If you intend to show or disseminate a video, it should be captioned (opened or closed) to ensure accessibility and in support of the universal design for learning approach. Please note that if your video will be shown on an open website it MUST be captioned, otherwise captioned upon request or if a Confidential Academic Accommodation Plan (CAAP) has been provided.
Captioning is beneficial not only to those with a hearing loss but also to those for whom an additional textual representation of the verbal and auditory information is an important learning support. If the video or audio file you would like to show or share is not captioned, the following are some options for making that media more accessible.
Please note that for materials not created by you, or that you do not hold the copyright for, you first need to obtain permission to create a captioned copy of the video or audio file. The Library can assist you in obtaining the permission and keeping the record of the permission.
- To help understand why accessible multimedia is important, review the promotional video created by George Brown College: "Why Captioned Media. (opens new window)" George Brown College has also created an excellent website in support of accessible multimedia (opens new window).
Academic Captioning Process for Academic Accommodation Requests
If closed captioning has been requested by a student with an identified disability and the accommodation is on their CAAP, please follow the Alternate Format Process (opens document, 113kb).
Academic Captioning Process for Non-Accommodation Requests
For non-accommodation academic captioning requests, please contact Greg Gagnon at greg.gagnon [at] mohawkcollege.ca for support.
To help with your budgeting, the following is the ballpark cost (in USD) for the service, obtained from a third party.
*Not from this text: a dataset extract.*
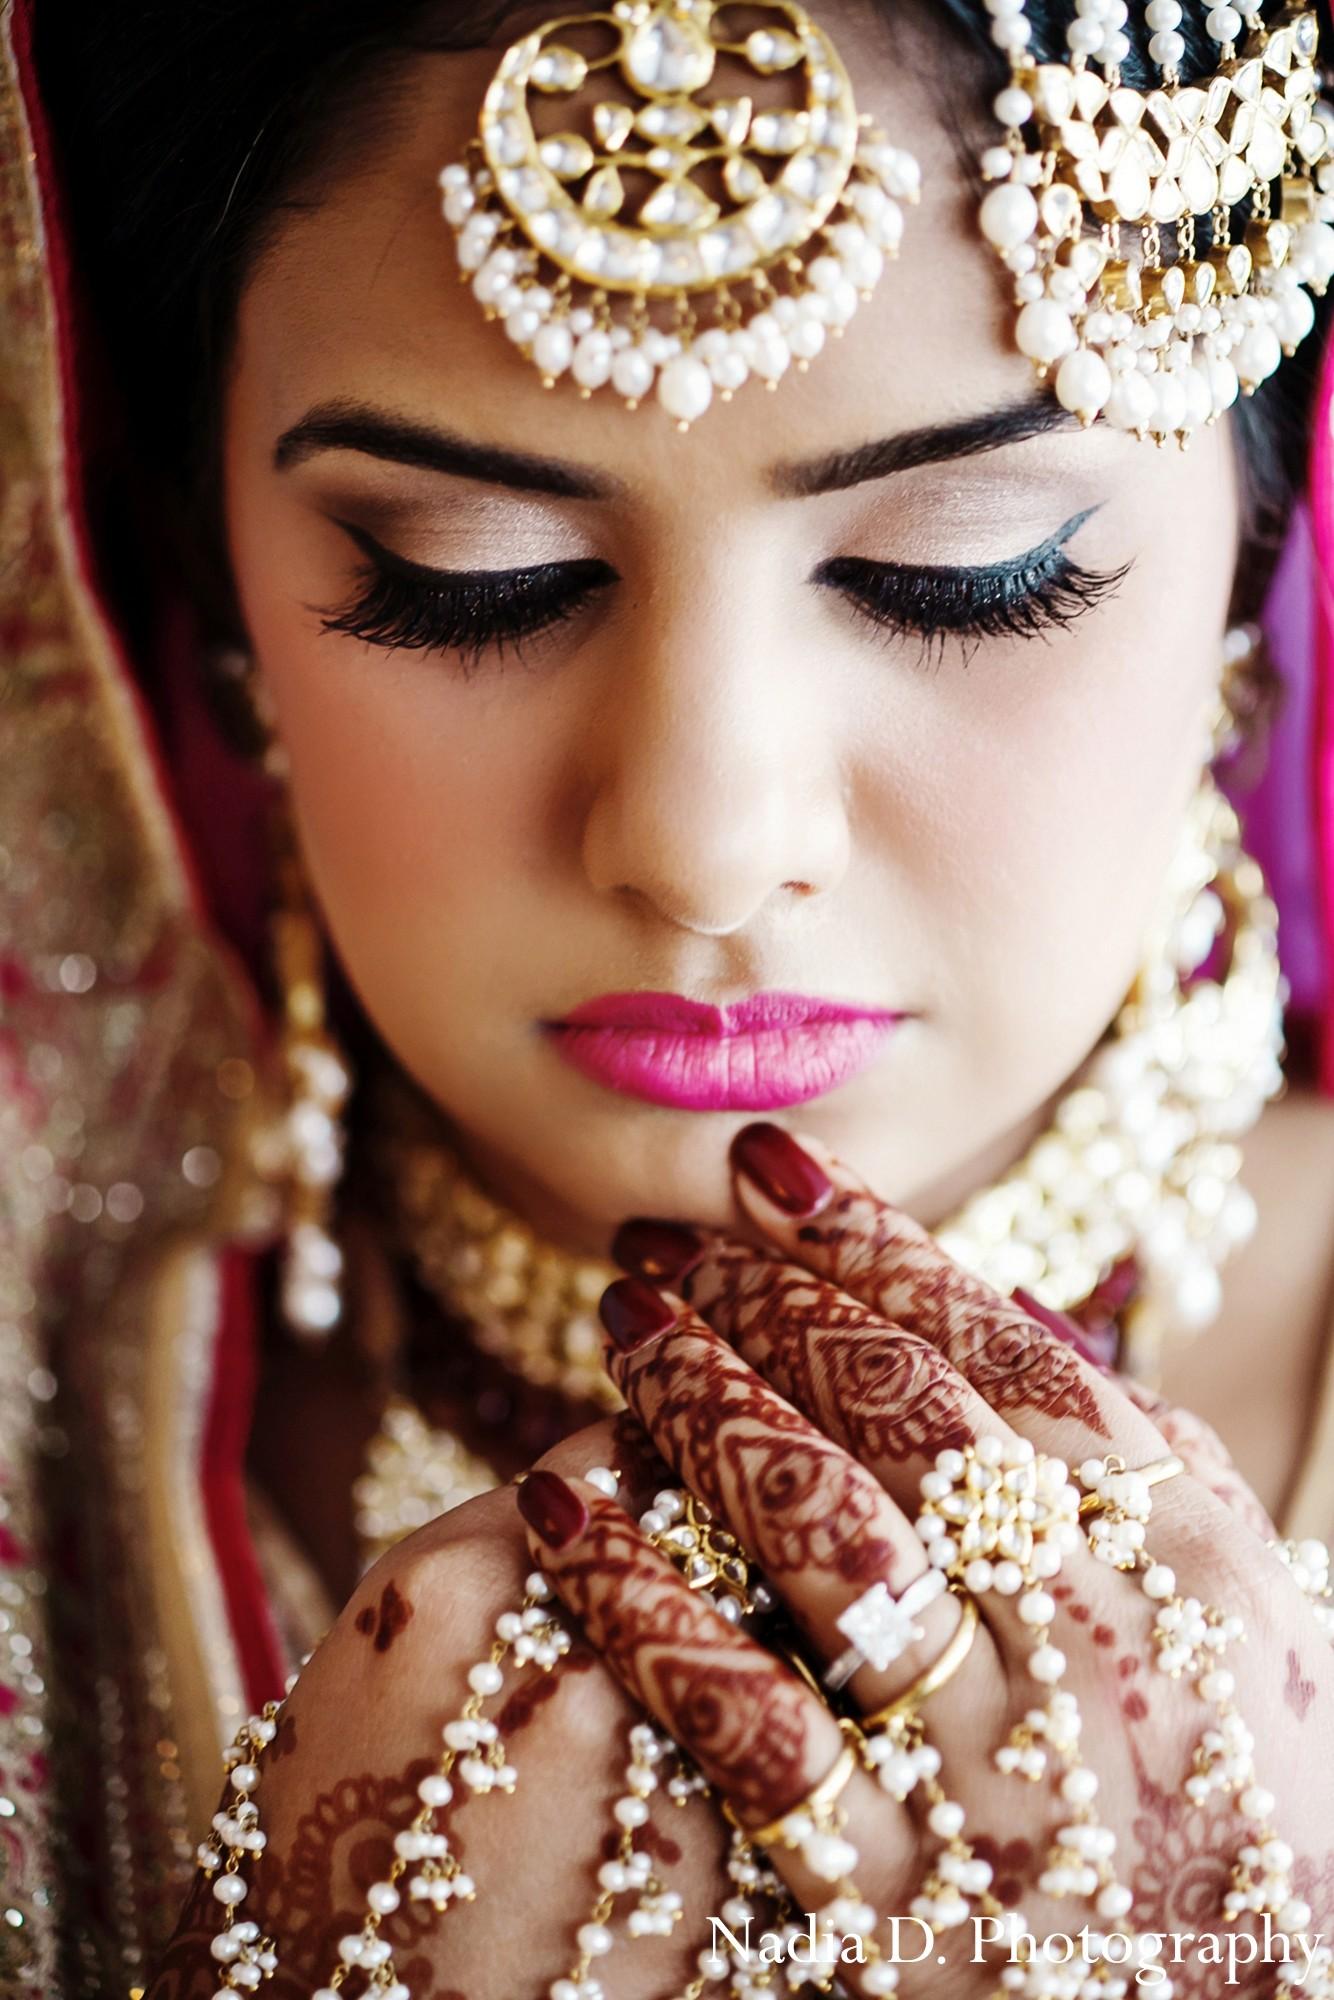 Sakhi Beauty Indian Wedding Hair Amp Makeup Artist In Nj
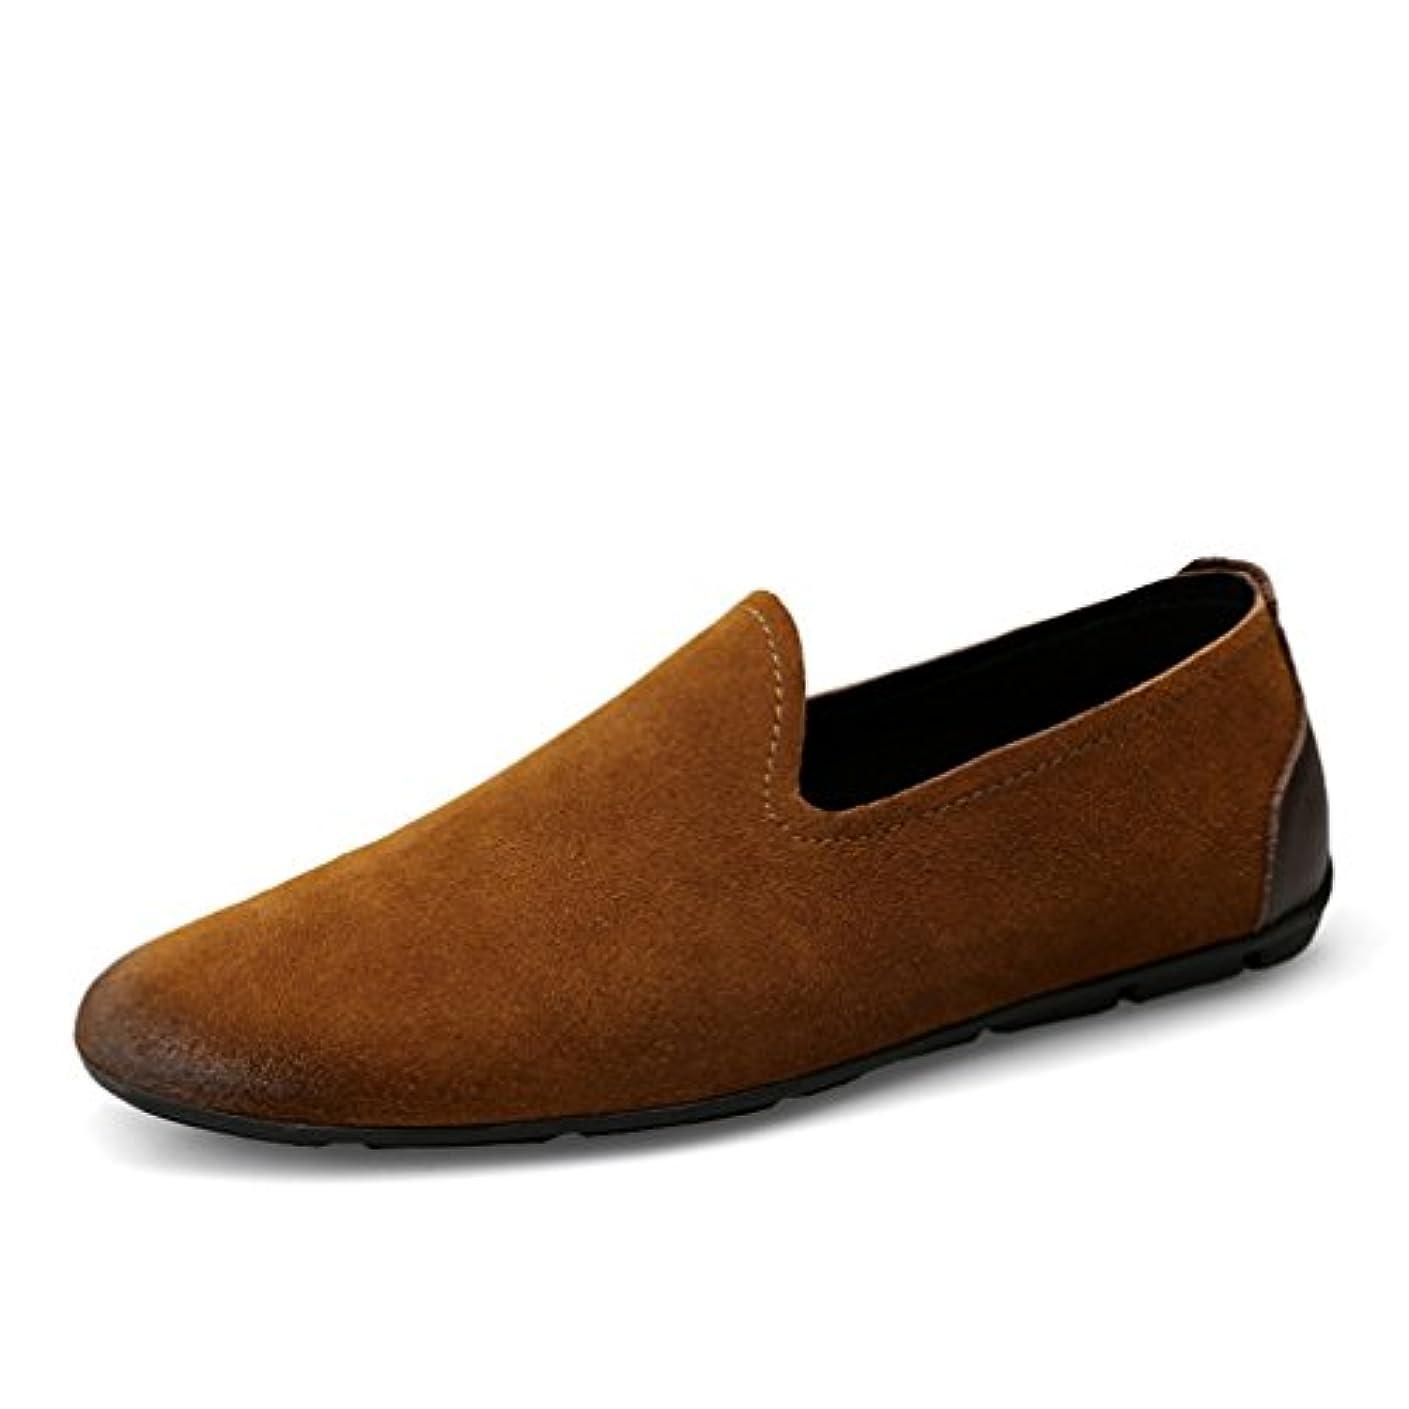 空洞レーニン主義ヶ月目[OM]メンズ スリッポン ドライビングシューズ ローファー モカシンシューズ ローカット ビジネス カジュアルシューズ クラシック スウェード 軽量 スエード レザー 運転 職場用 革靴

Cost may change and differ slightly.
- For immediate turnaround captioning only, where you already have the transcript: $ 1.15 / minute
- For standard 3-day turnaround:
- Transcription only: $ 1.50 / minute
- Captioning and transcription: $ 2.65 / minute
- Production transcripts, including time stamped: $ 2.08 / minute
- For rush 24-hour turnaround:
- Transcription only: $ 2.00 / minute
- Captioning and transcription: $ 3.15 / minute
- Production transcripts, including time stamped: $ 2.58 / minute
Corporate Captioning Process
For corporate captioning requests, please contact Greg Gagnon at greg.gagnon [at] mohawkcollege.ca for support in setting up a Corporate account.
Do It Yourself Captioning
Equal Access to Software and Information (EASI)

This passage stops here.